## Task description
Of the records that follow, copy only the lines from the line containing "Alabama Vs All Yall Faux Glitter Tee" to the line containing "Dior Homme Newave", both included, exactly as written.

## Data section
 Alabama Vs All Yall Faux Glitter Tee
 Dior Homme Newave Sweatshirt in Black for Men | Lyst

---

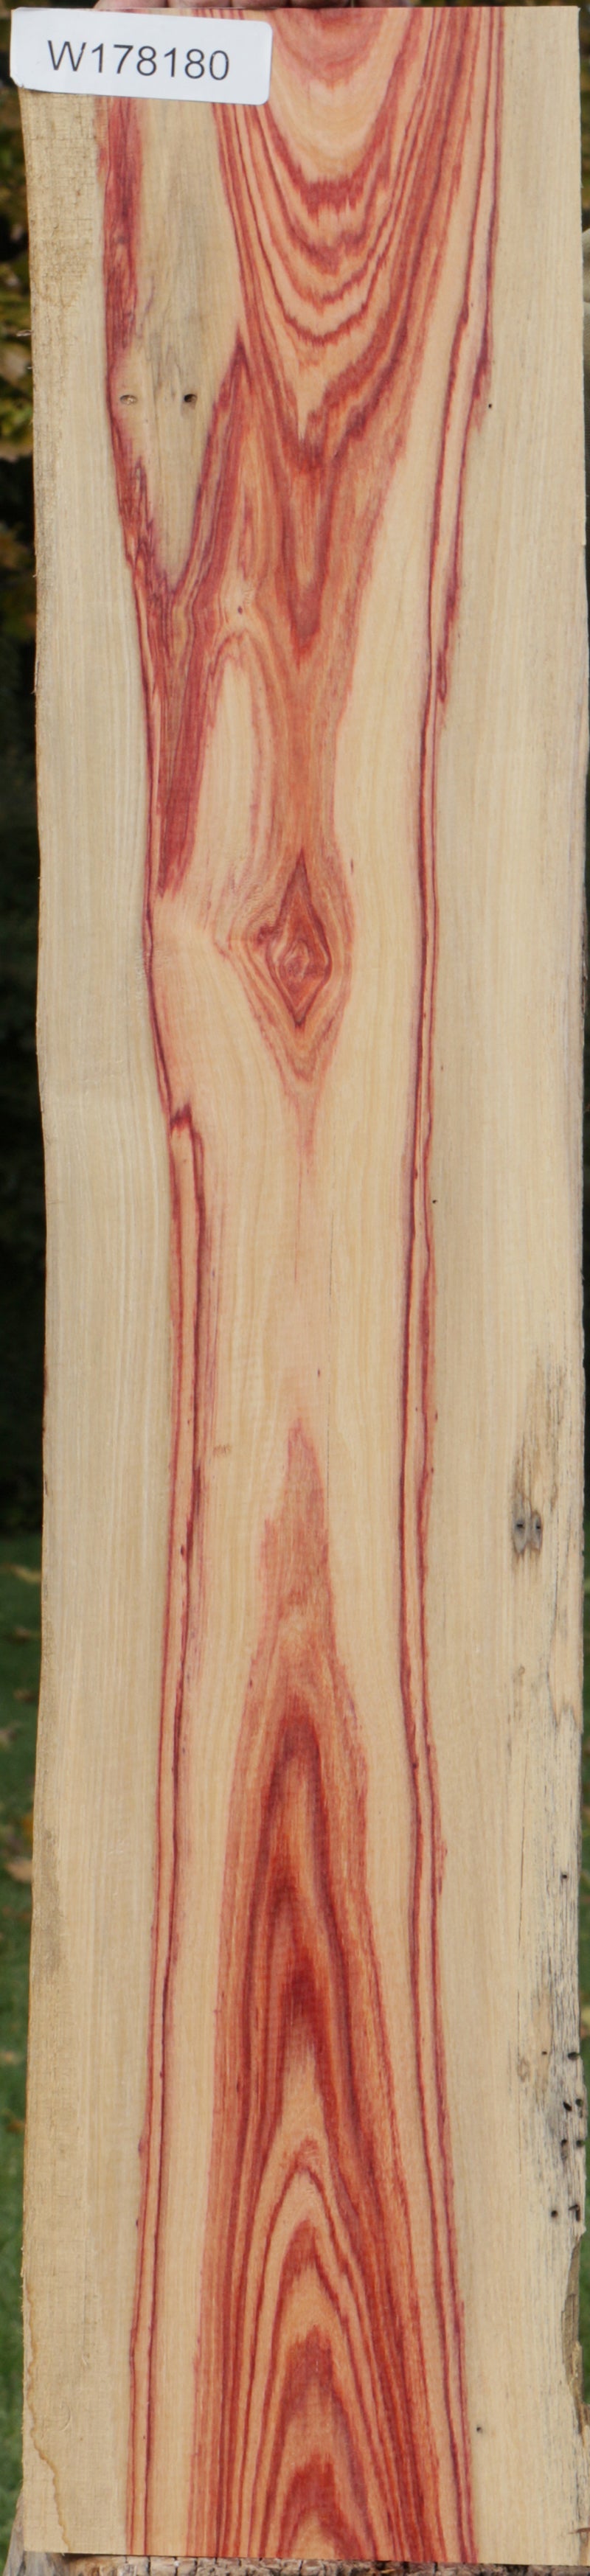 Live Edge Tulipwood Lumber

## Solution to this problem
 Alabama Vs All Yall Faux Glitter Tee
 Dior Homme Newave Sweatshirt in Black for Men | Lyst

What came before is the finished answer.